> **Work item**: Repeat, word for word, all the data that follows, and exclude the pictures.

> **Given material**:
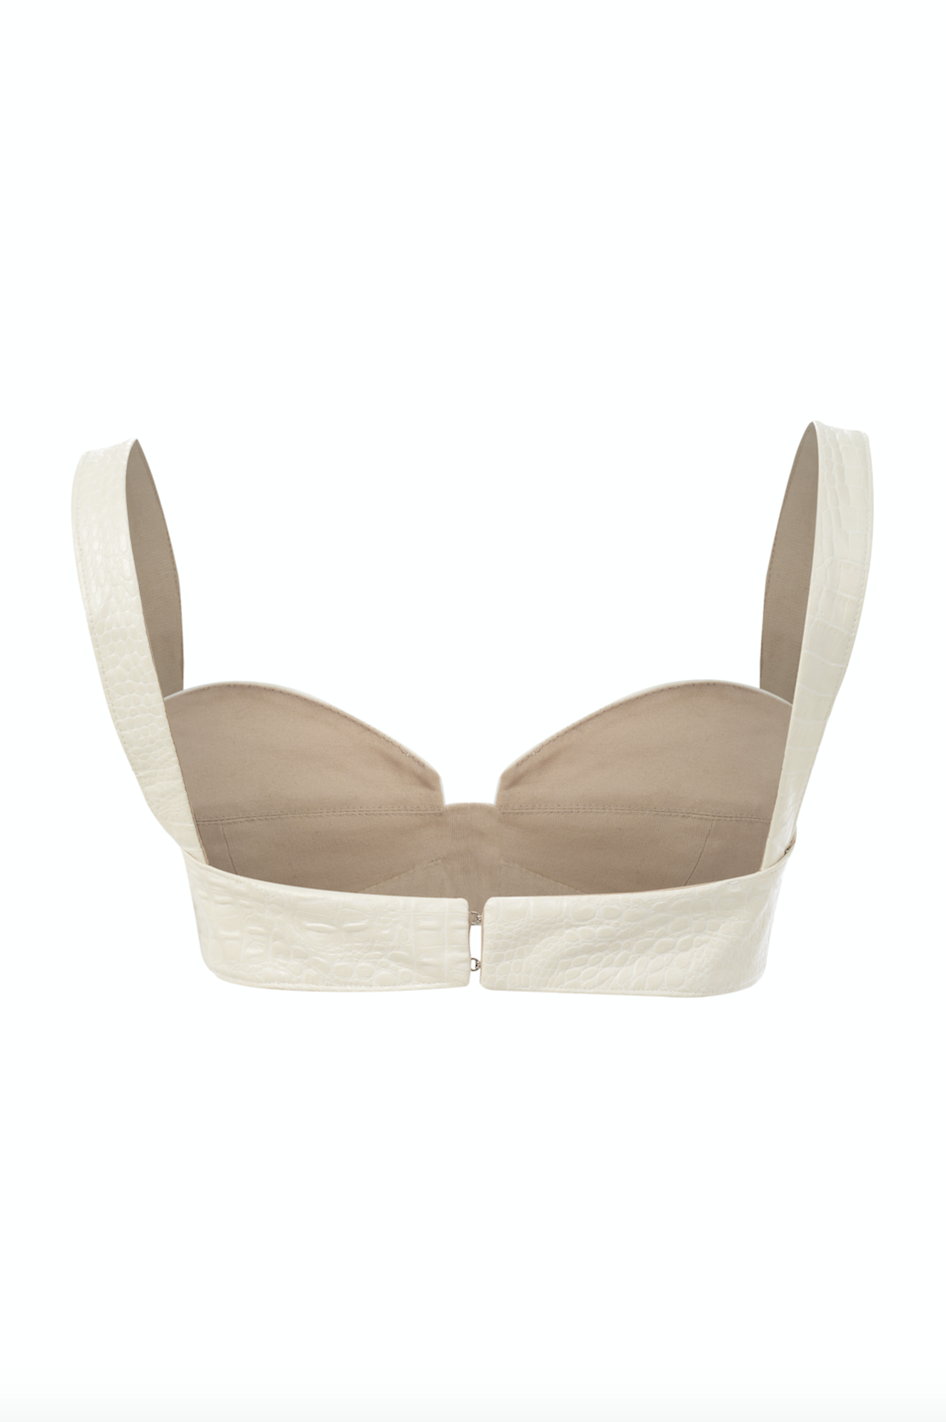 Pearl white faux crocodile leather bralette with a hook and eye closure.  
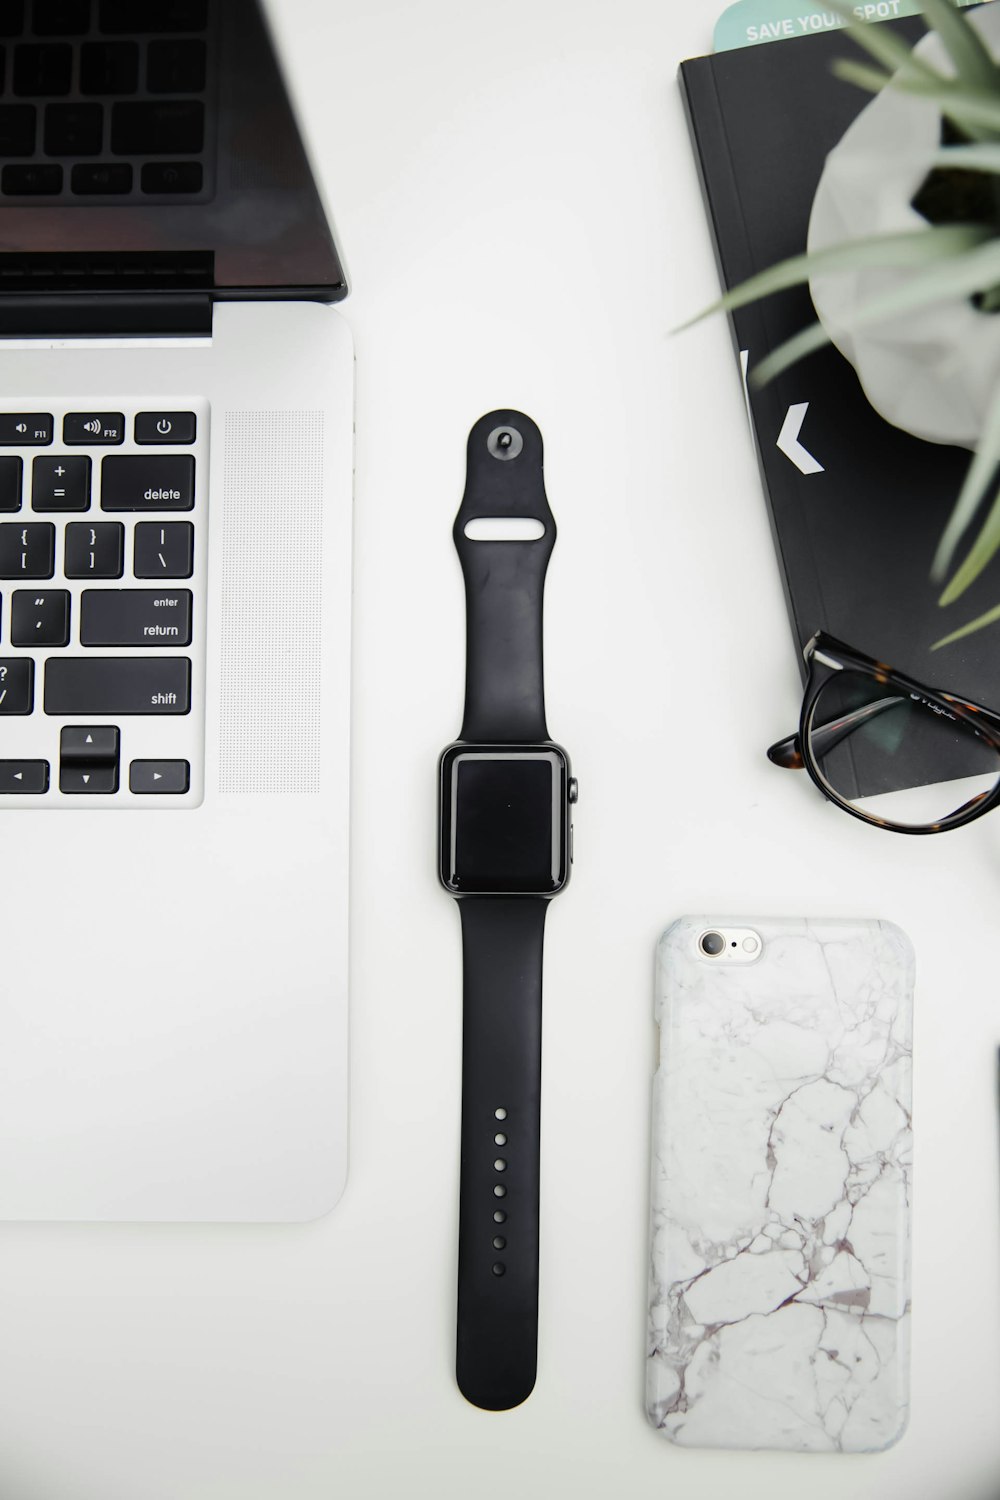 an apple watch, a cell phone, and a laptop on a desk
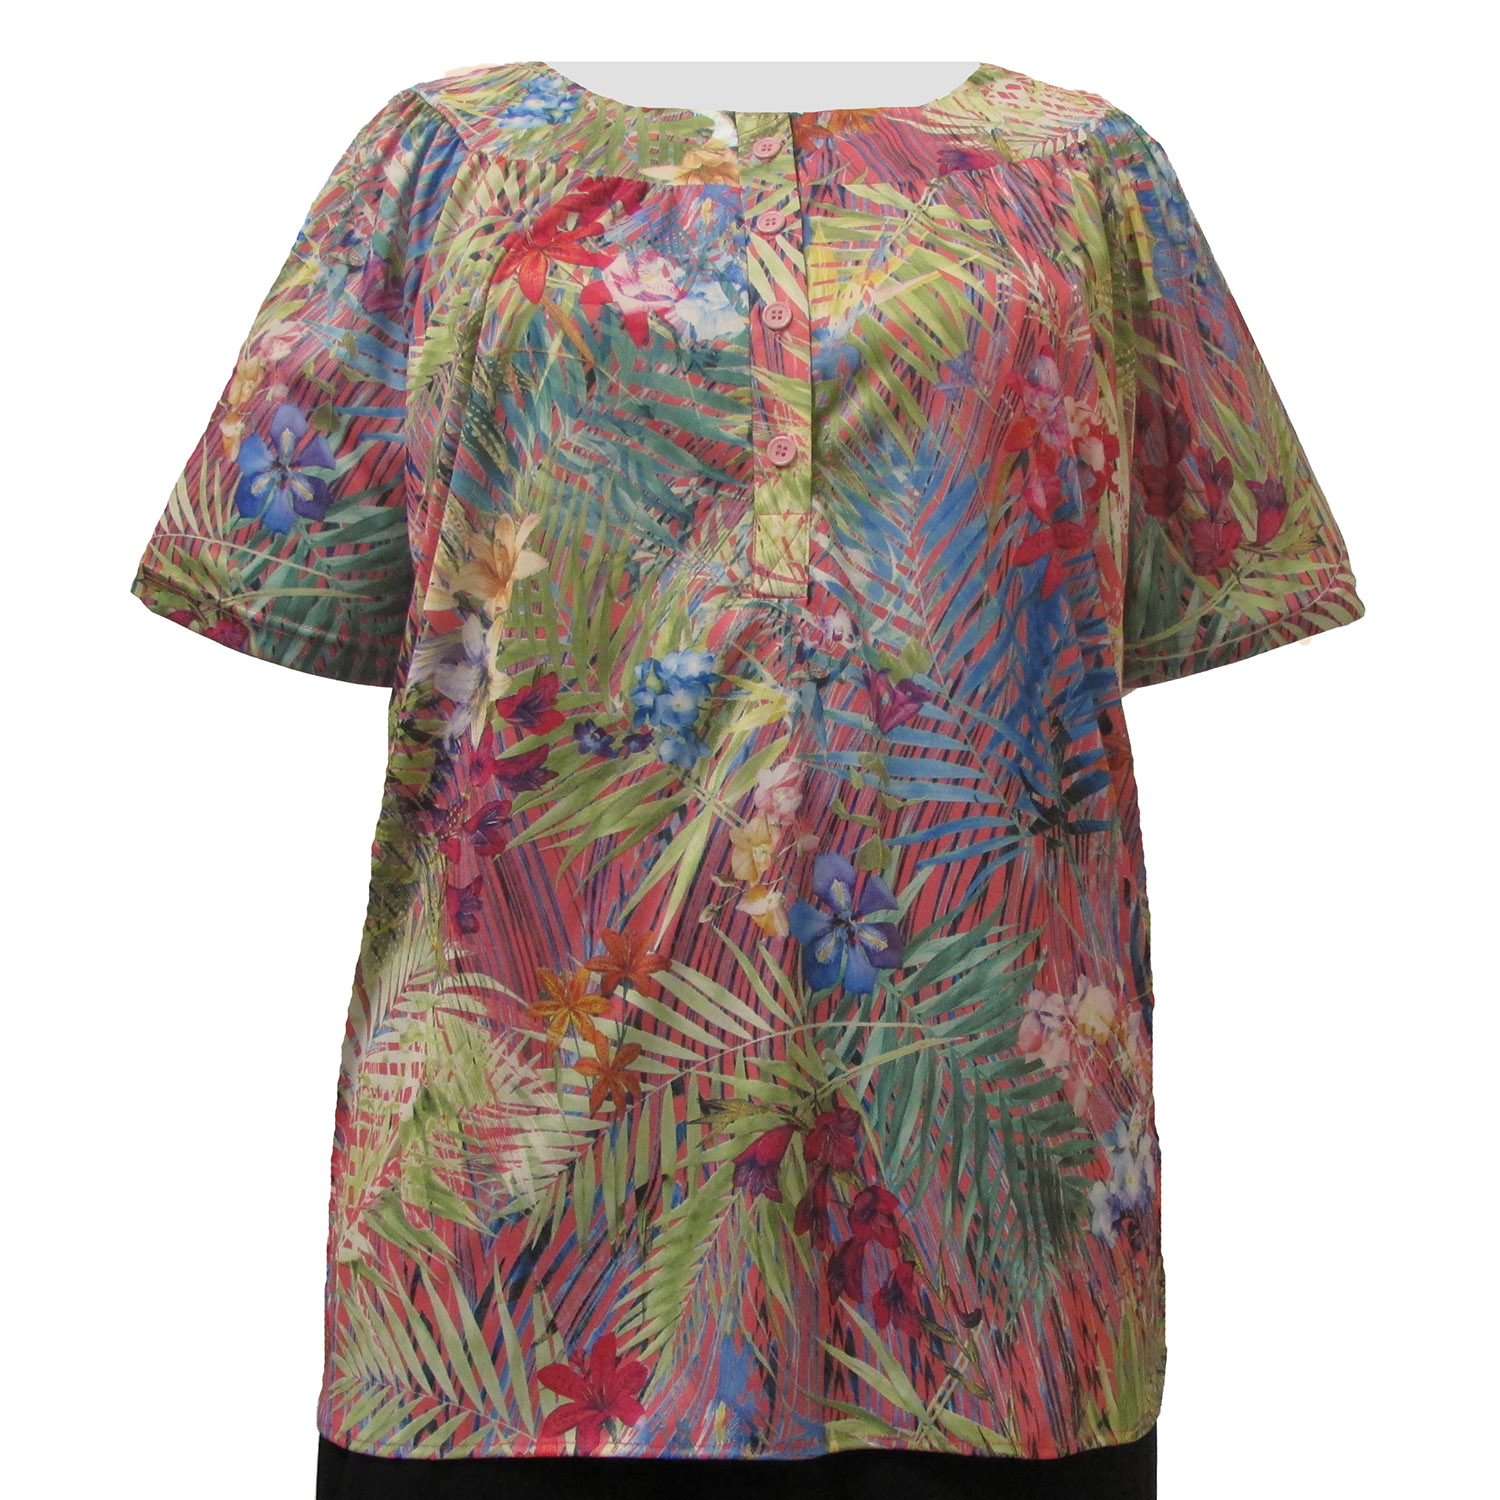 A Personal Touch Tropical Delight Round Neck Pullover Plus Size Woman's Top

> **Solution for this task**:
 Pearl white faux crocodile leather bralette with a hook and eye closure.  
 an apple watch, a cell phone, and a laptop on a desk
 A Personal Touch Tropical Delight Round Neck Pullover Plus Size Woman's Top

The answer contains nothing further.